During September 2010, the Company issued 65,000 shares of stock to four advisors at a price of $0.32 per share.  The amount will be granted every three months and priced at the current market price.  These shares are restricted.

During September 2010, the Company issued 300,000 shares of stock at $0.32 per share, per the finder’s fee agreement on its Paymaster Master Claim, Nevada.

On October 10, 2010, the Company issued 250,000 shares of stock at $0.26 per share, as part of the consultancy agreement.  The amount will be granted every six months at its current trading price.  These shares are restricted.

On December 20, 2010, the Company issued 45,000 shares at $0.29 per share as part of the advisory agreements.

Note 5 – Employment and Consulting Agreements
On March 12, 2010 the Company entered into an employment contract with their Chief Executive Officer to pay this individual a guaranteed monthly fee of $6,500 for 36 months.

 
F-22

 
AMERILITHIUM CORP
 Formerly Kodiak International Inc.
(A exploration stage enterprise)
Notes to Financial Statements
December 31, 2010



On March 12, 2010 the Company entered into a consulting agreement for $100,000 and 100,000 shares of stock in which the Company will pay $40,000 on signing and six equal installments of $10,000 monthly.  As of December 31, 2010, $100,000 of this agreement has been paid and the 100,000 shares have been issued.

On October 8, 2010, The Company renewed its consultancy agreement for an additional 24 months at $5,000 per month.  The Company will also issue 250,000 shares of common stock every six months in advance.

Note 6 – Financing Agreement
On March 28, 2010 the Company entered into a financing agreement with Sunrise Energy Investment Ltd.  The Company will sell up to $10,000,000 of its common stock.  The Common Stock will also have an attached warrant to purchase future shares for $1.60.  There were no transactions during the first quarter of 2010.

As of December 31, 2010, the Company has drawn $1,200,000 and has issued 1,218,891 shares to Sunrise Energy Investment.

Note 7 – Mining Rights
In September 2008, the Company purchased the Kodiak Lode Mining Claim for $7,500.  The mining claim is in the Sunset Mining District in the extreme southern portion of the State of Nevada.  The claim is on 20.66 acres and includes gold, silver, copper and lead.

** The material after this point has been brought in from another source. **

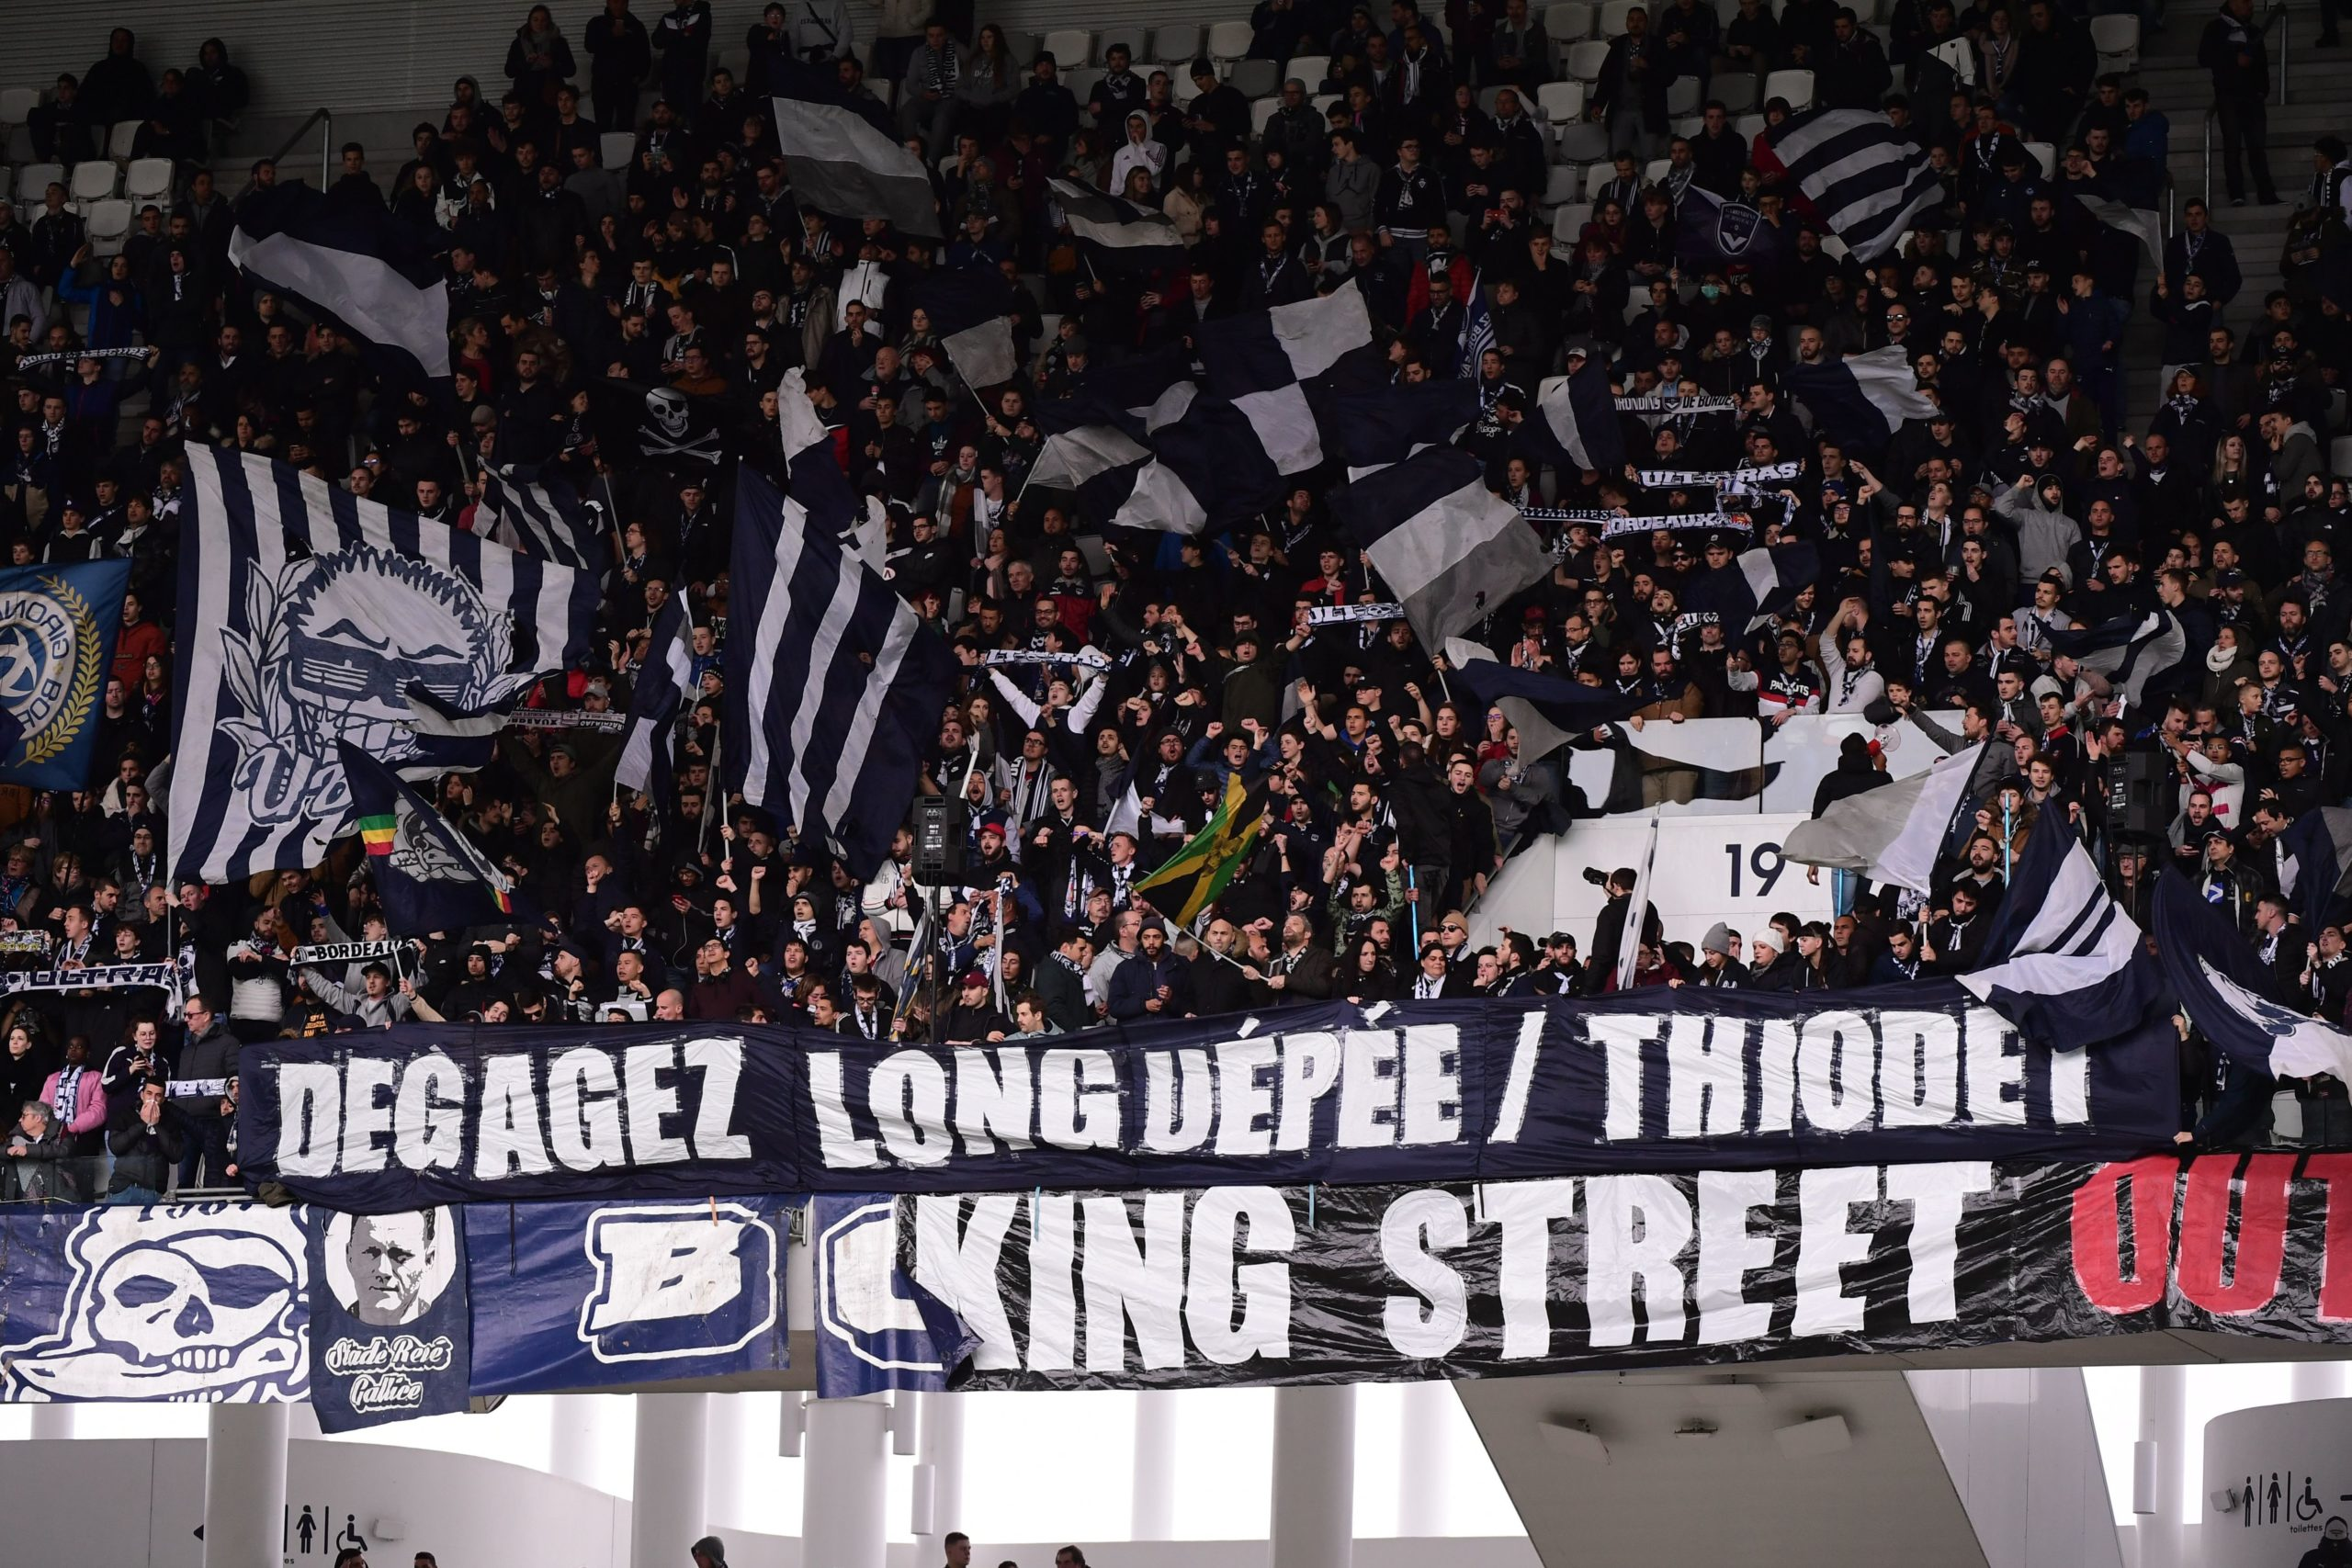 supporters longuepée thiodet king street ultras, ultramarines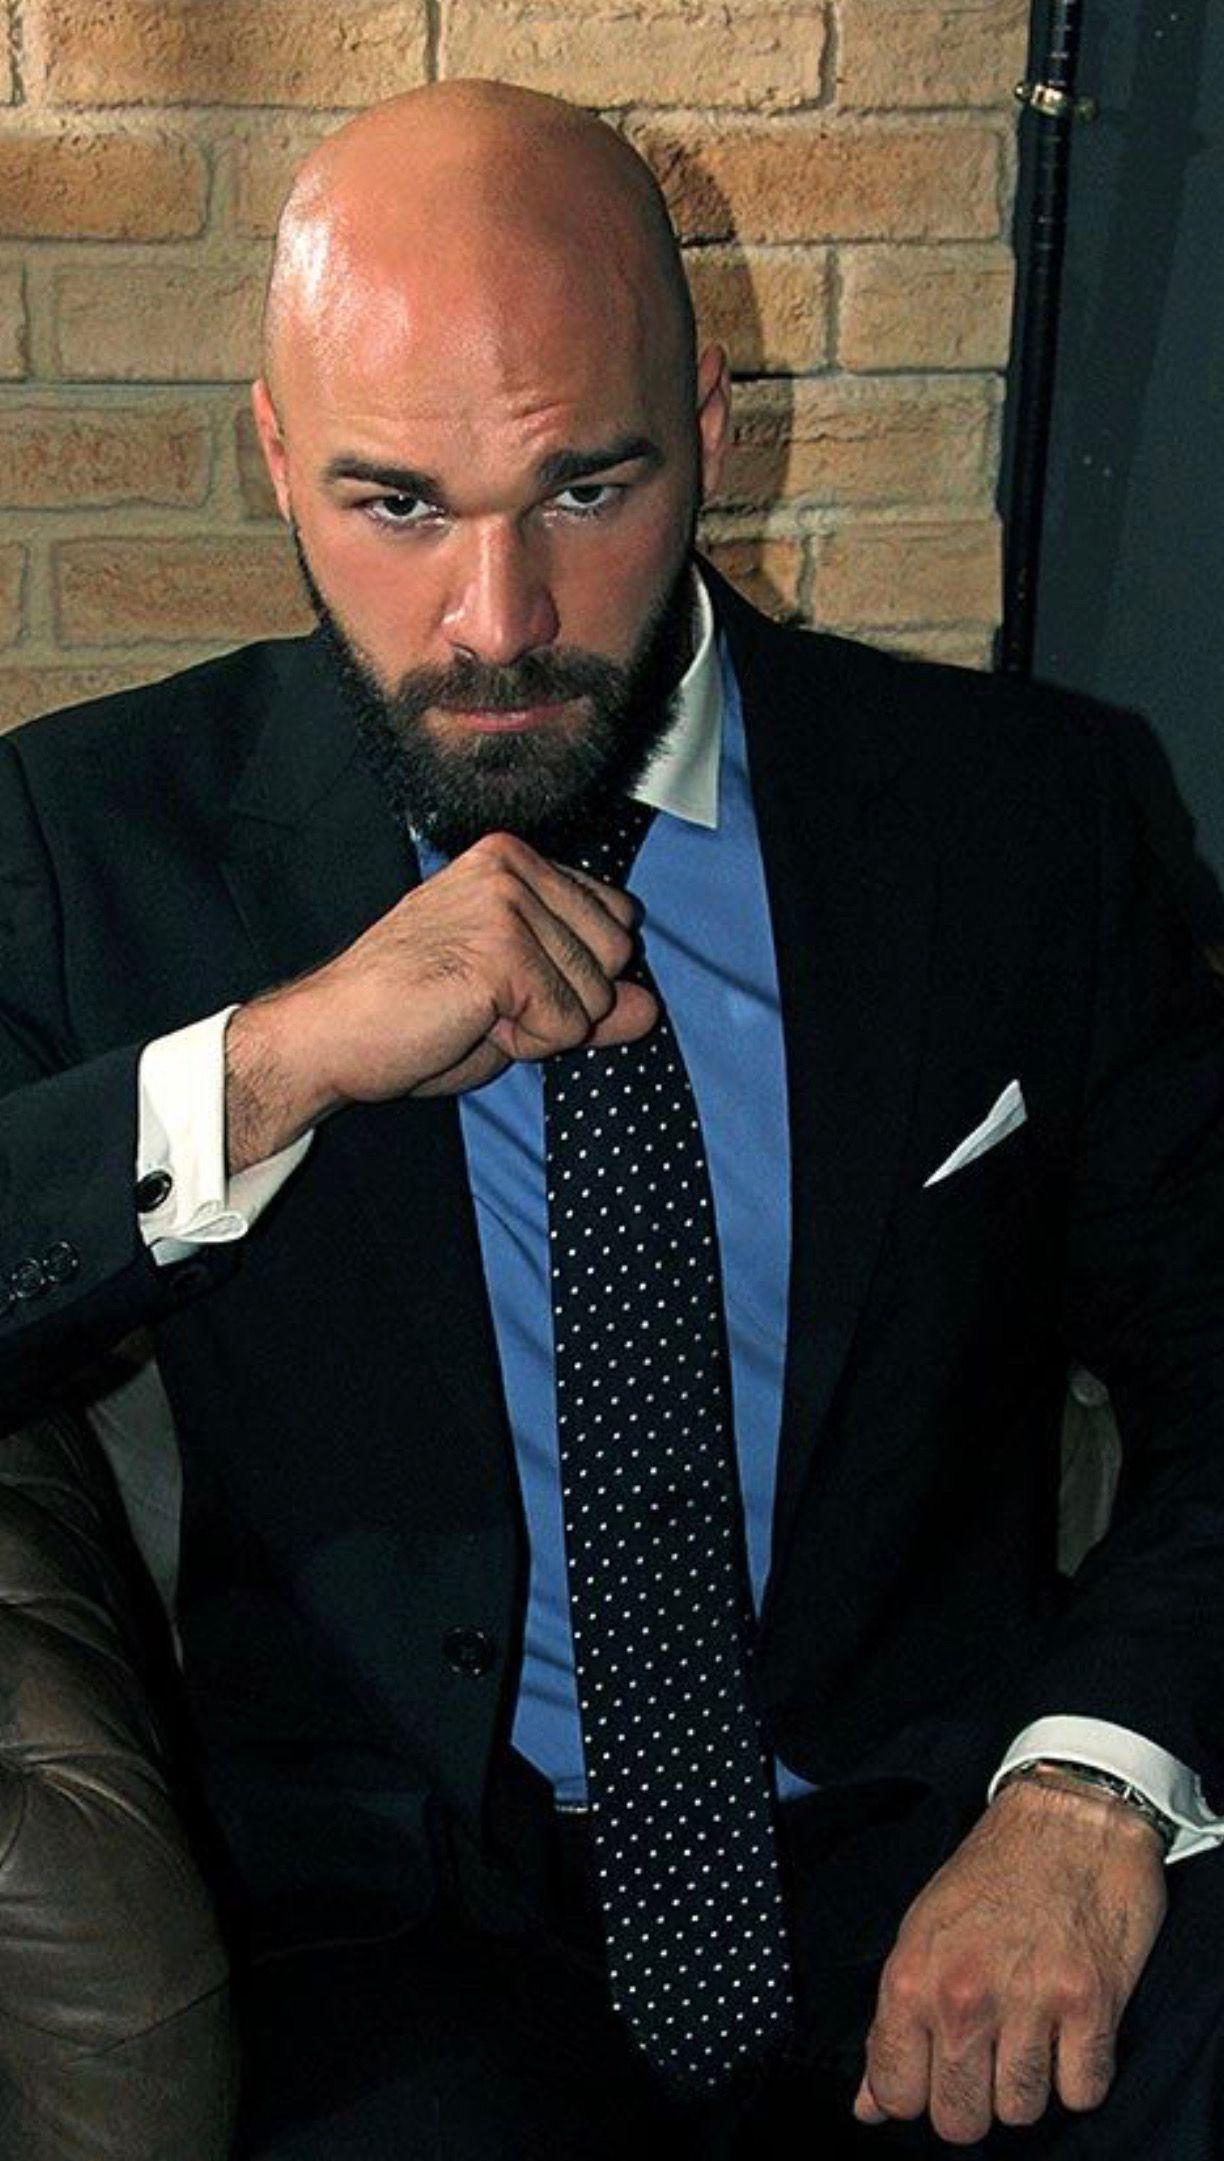 Max Duro Bald Men With Beards Bald Men Style Bald With Beard

The full mining claim was recorded as a period expense.

On March 2, 2010 the Company entered into an agreement to purchase 100% net revenue in assets of Power Mining Ventures, Inc. in Alberta, Canada  The purchase is funded by restricted common stock shares.  The total purchase price was $2,280,000

On March 12, 2010 the Company entered into an agreement to purchase 78 mining claims comprising of nearly 6,000 acres with GeoXplor Corporation.  The total purchase price was $1,678,000.

On March 22, 2010 the Company entered into an agreement to purchase 100% net revenue in assets of Power Mining Ventures, Inc located in southwestern Australia.  The purchase is funded by restricted common shares and cash.  The total purchase price was $2,340,000.

On April 26, 2010 the Company entered into an agreement to purchase 100% of the mining rights of the “Property” located in the State of Nevada.  The “Property” includes Clayton Deep which is comprised of 5,280 acres and Full Monty which is comprised of 5,760 acres.  The purchase consists of cash and restricted common shares.

 
F-23

 
AMERILITHIUM CORP
 Formerly Kodiak International Inc.
(A exploration stage enterprise)
Notes to Financial Statements
December 31, 2010



Note 8 – Notes Payable
The Company has notes payable for the purchase of mining rights.  These amounts are all payable within one year and carry no rate of interest.  The balance at December 31, 2010 is $40,000.

The Company has a note payable with one of its shareholders.  The note is due on February 1, 2012 and carries and interest rate of 8%.  The note also has an option to convert to common stock at a price of $0.05 per share.  On April 22, 2010, the Company issued 4,800,000 shares of post split shares in exchange for this note.

Note 9 – Subsequent Events
On January 20, 2011, the Company issued 20,000 shares of stock to one advisor as part of the advisory agreement.

On February 17, 2011, the Company entered into an agreement with GeoXplor Corporation for the initial stages of its drilling program.  The value of this agreement is $155,125.

On February 28, 2011, the Company drew down $200,000 on their financing agreement.

On March 7, 2011, the Company issued 751,880 shares to Sunrise Energy Investments as part of the financing agreement draw down.

On March 23, 2011, the Company issued 45,000 shares of stock to three advisors as part of the advisory agreement.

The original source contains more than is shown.